■ Record set
━━━━━━━━━━━━━━━━━━━━━━━━━━━━━━
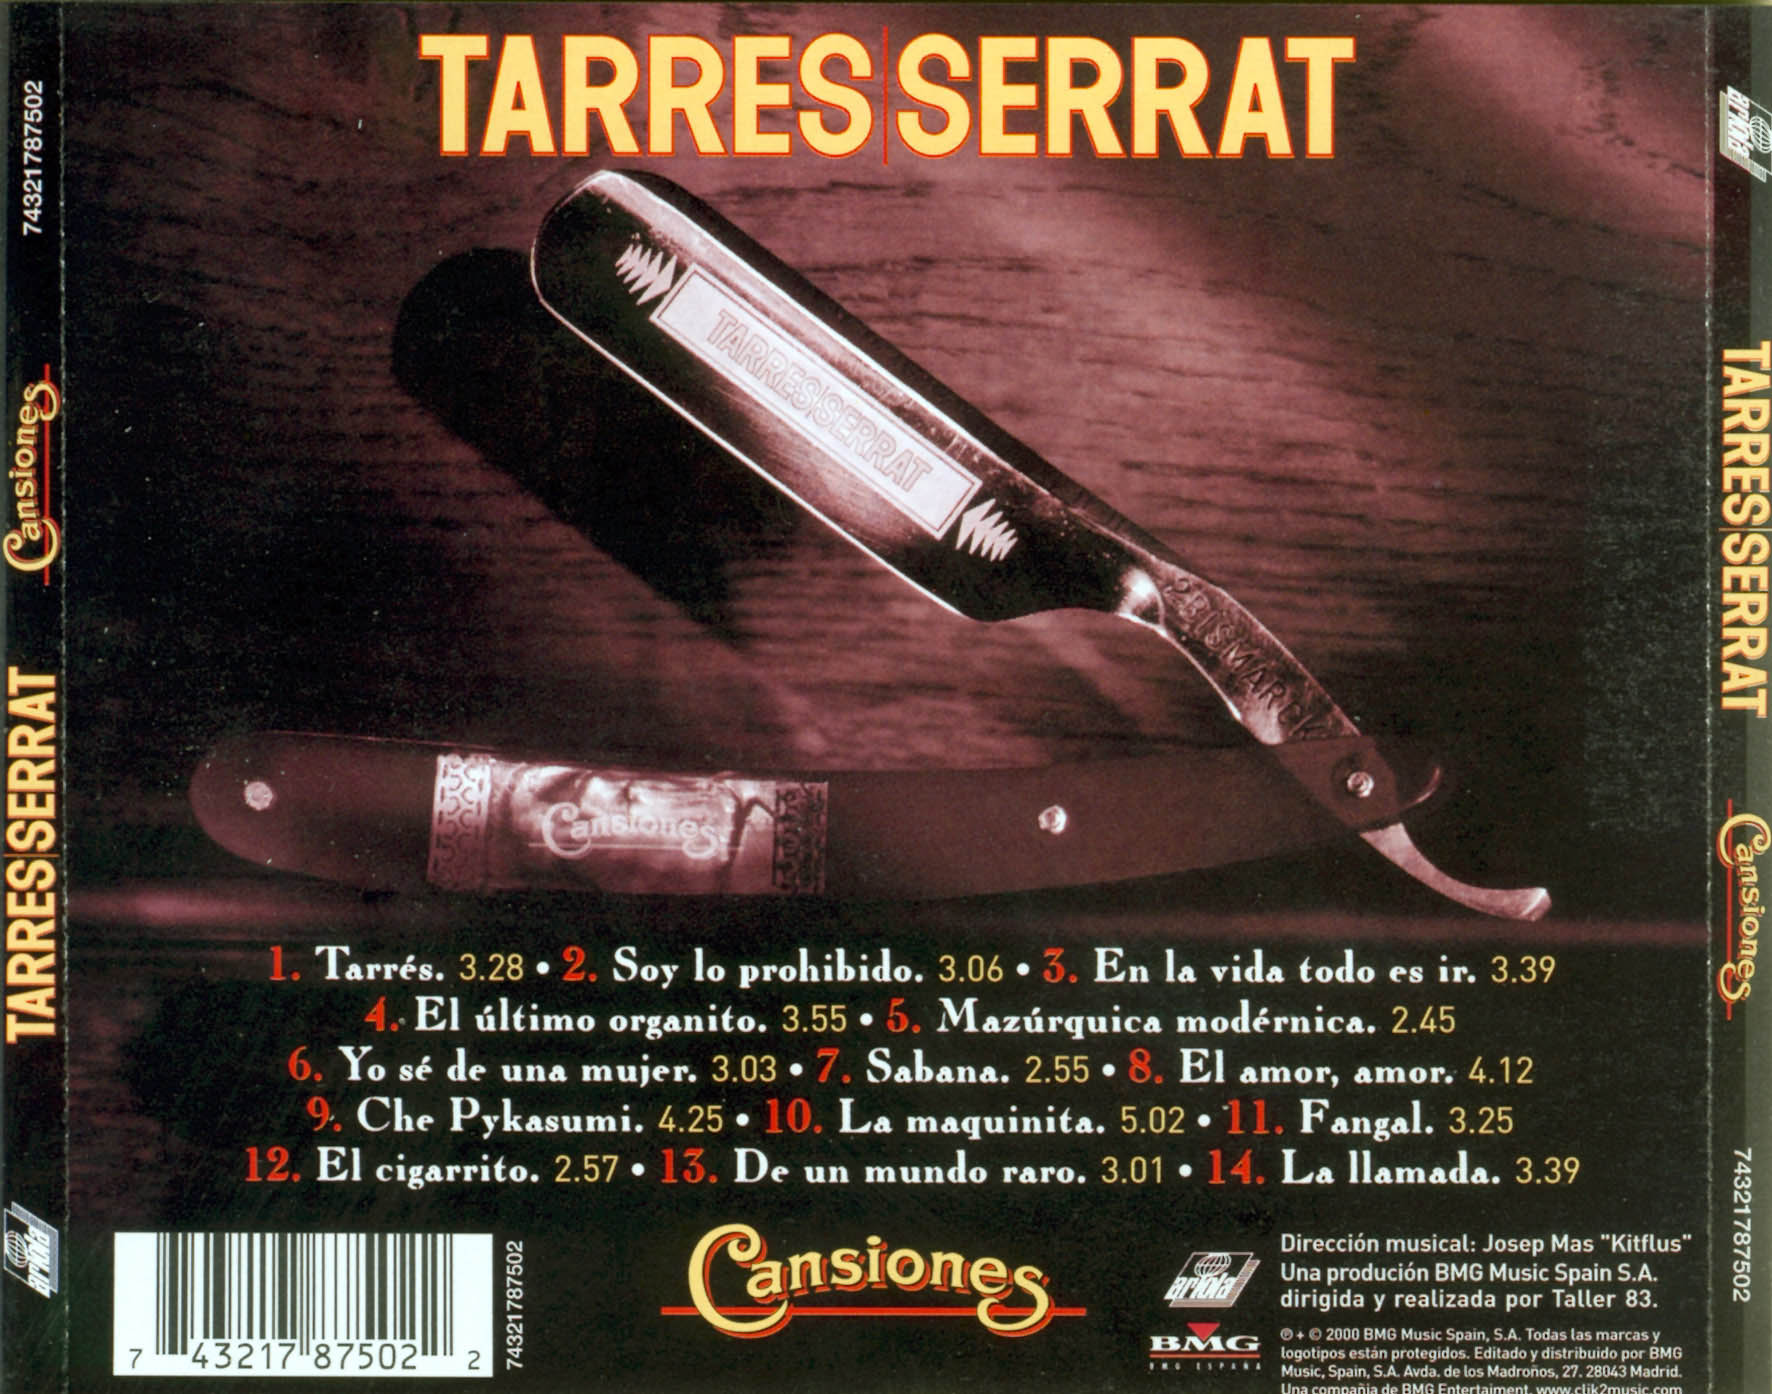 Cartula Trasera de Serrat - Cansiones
━━━━━━━━━━━━━━━━━━━━━━━━━━━━━━
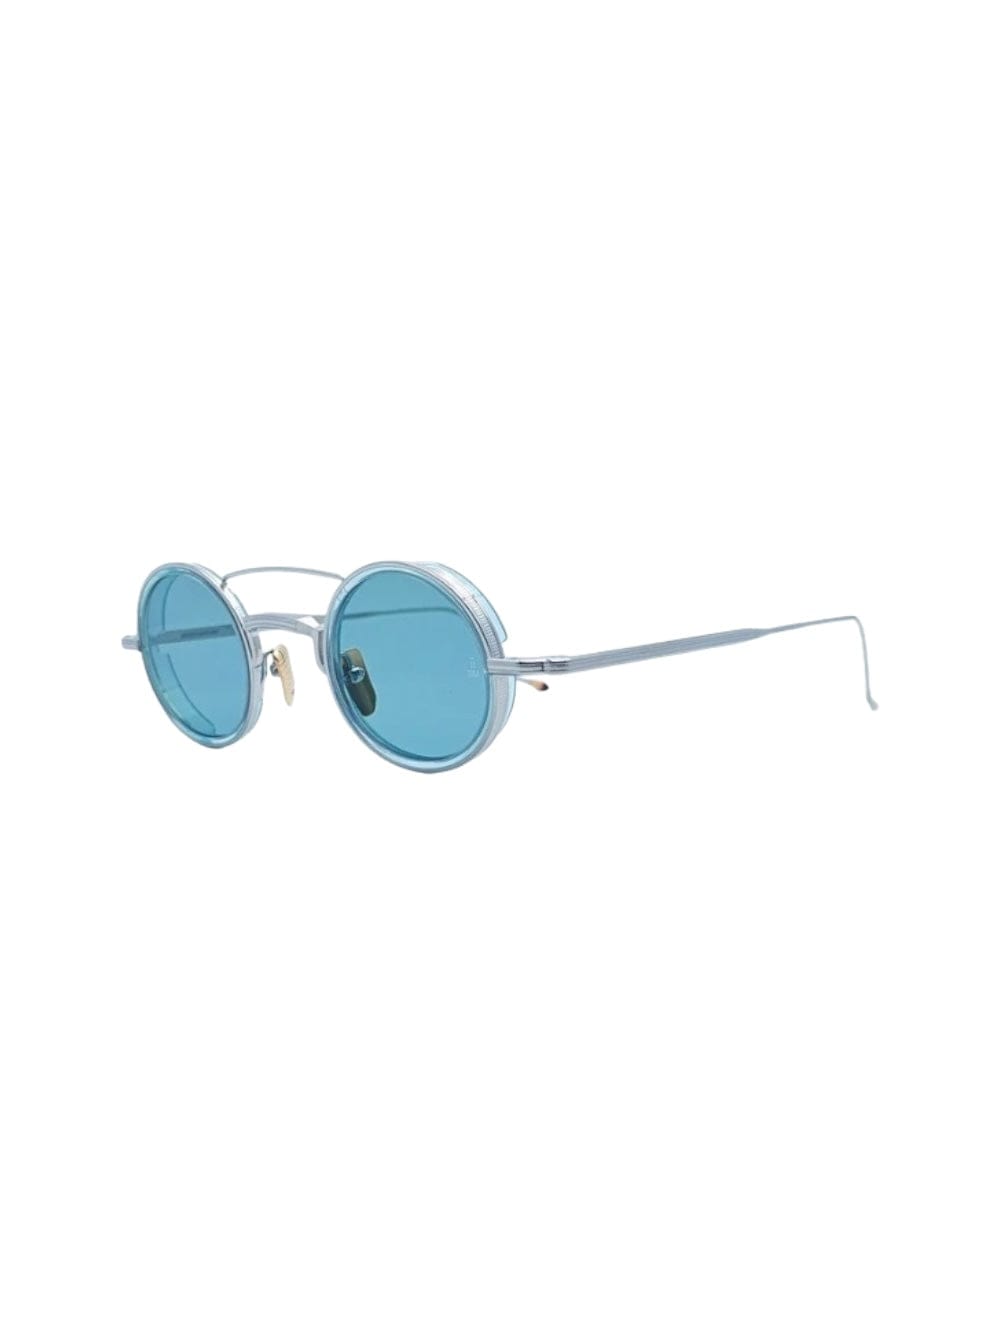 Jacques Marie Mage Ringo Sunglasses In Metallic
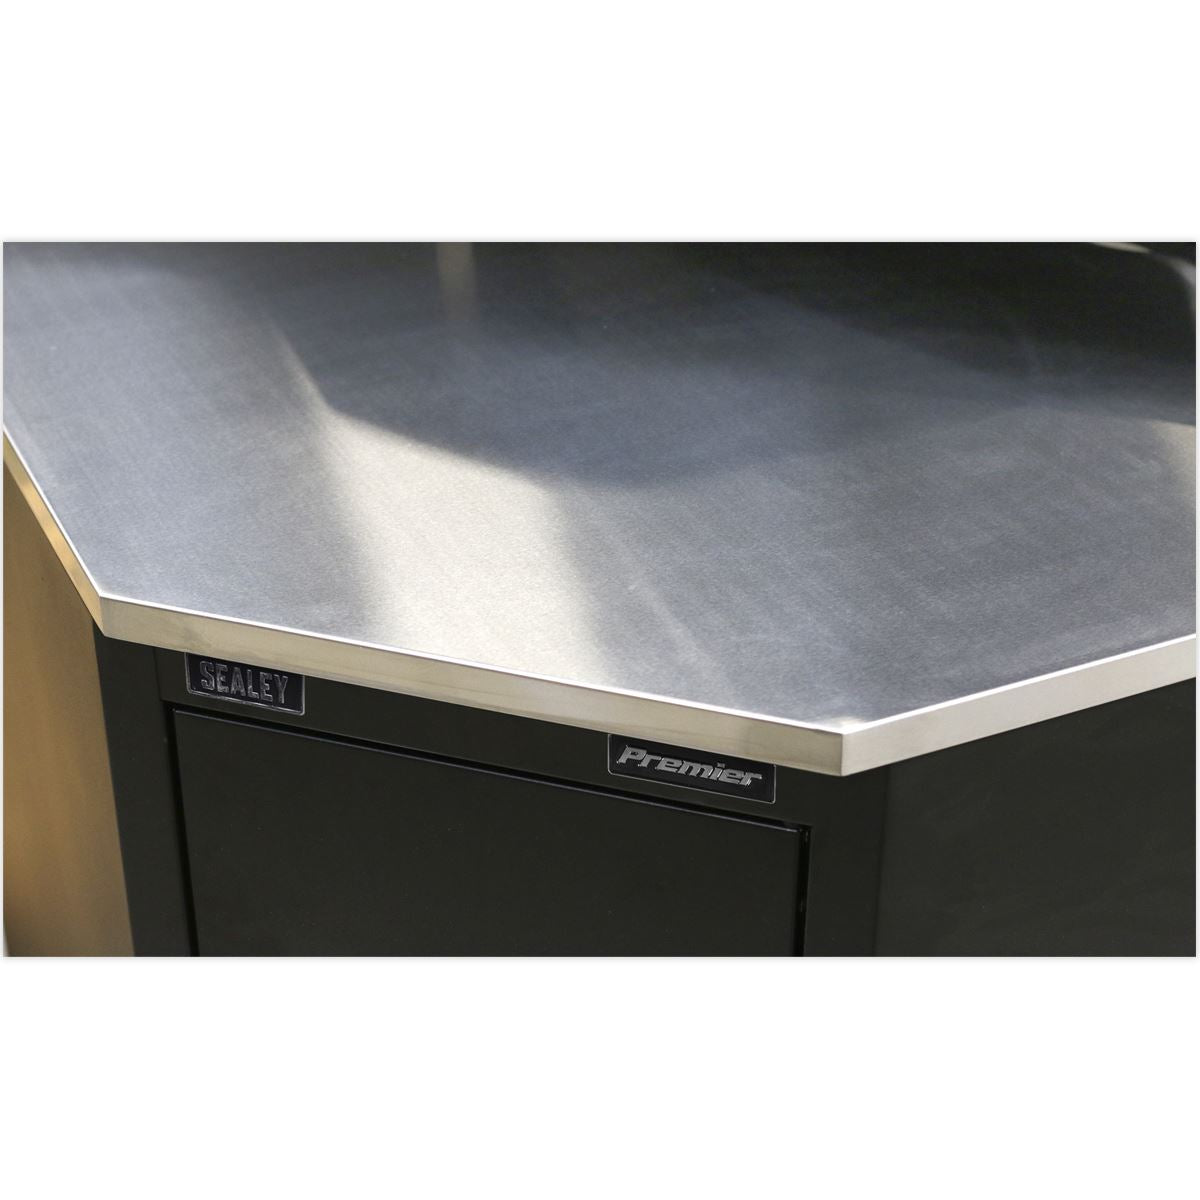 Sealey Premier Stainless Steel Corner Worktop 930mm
━━━━━━━━━━━━━━━━━━━━━━━━━━━━━━
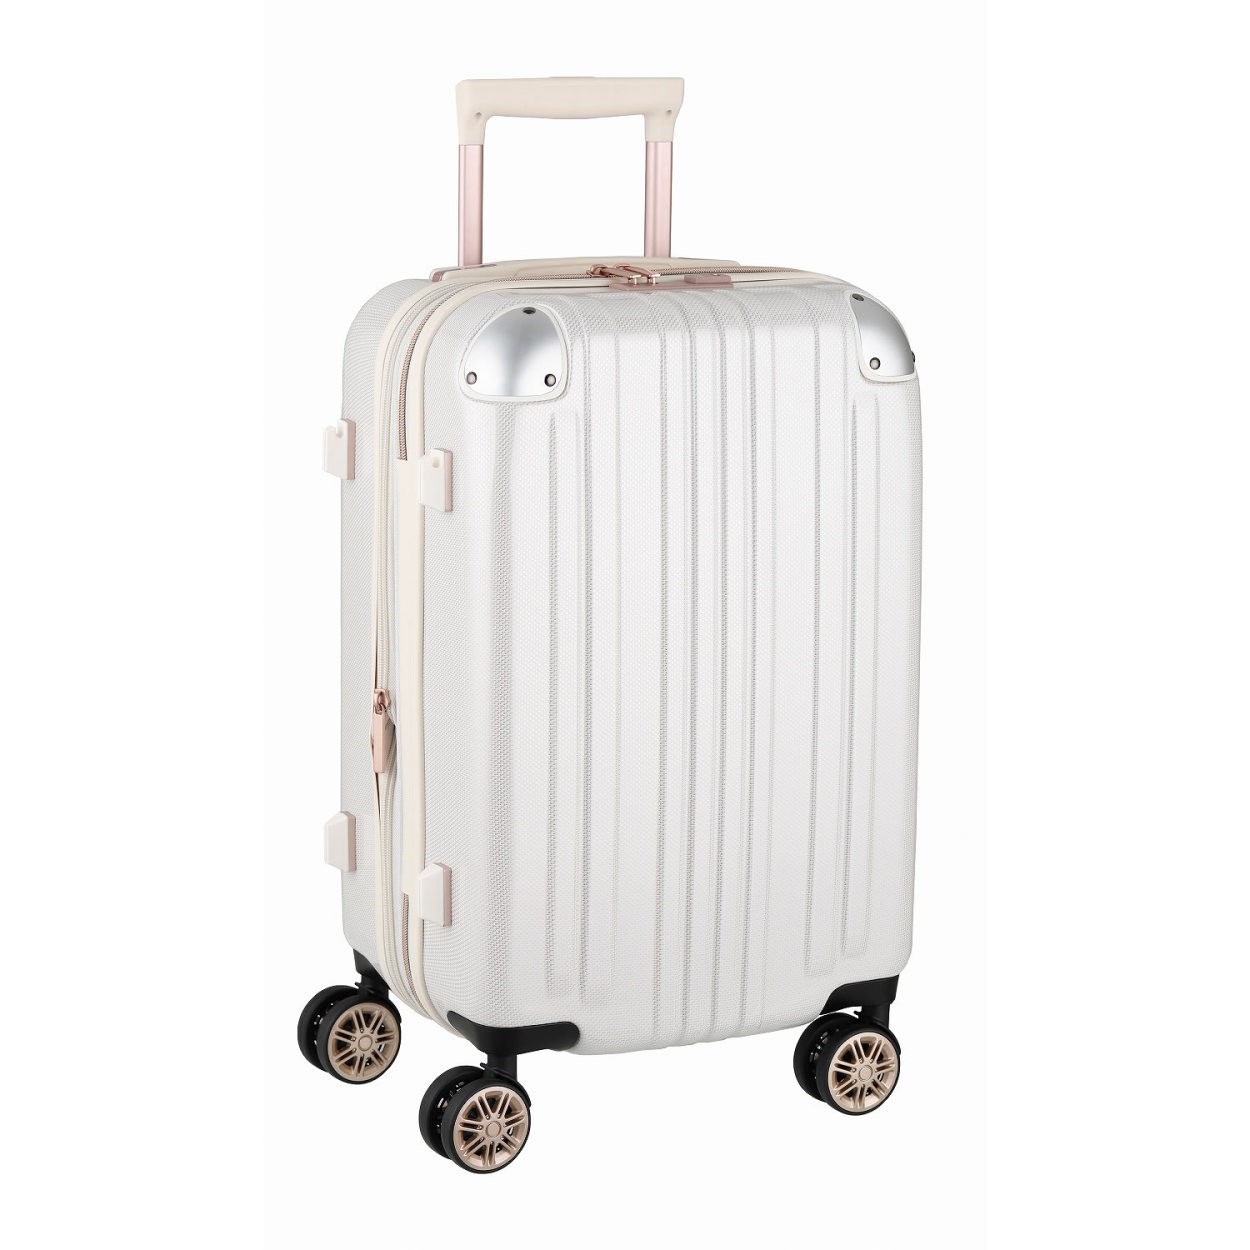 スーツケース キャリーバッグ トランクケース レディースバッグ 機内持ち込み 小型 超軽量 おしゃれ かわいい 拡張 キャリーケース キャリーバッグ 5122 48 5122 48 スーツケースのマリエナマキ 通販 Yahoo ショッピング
━━━━━━━━━━━━━━━━━━━━━━━━━━━━━━
Range to copy from the listing above: the line containing "Jacques Marie Mage" down to the line containing "Sealey Premier Stainless", both included. Reproduce it exactly, minus the pictures, and add nothing.

■ Exercise result
 Jacques Marie Mage Ringo Sunglasses In Metallic
 Sealey Premier Stainless Steel Corner Worktop 930mm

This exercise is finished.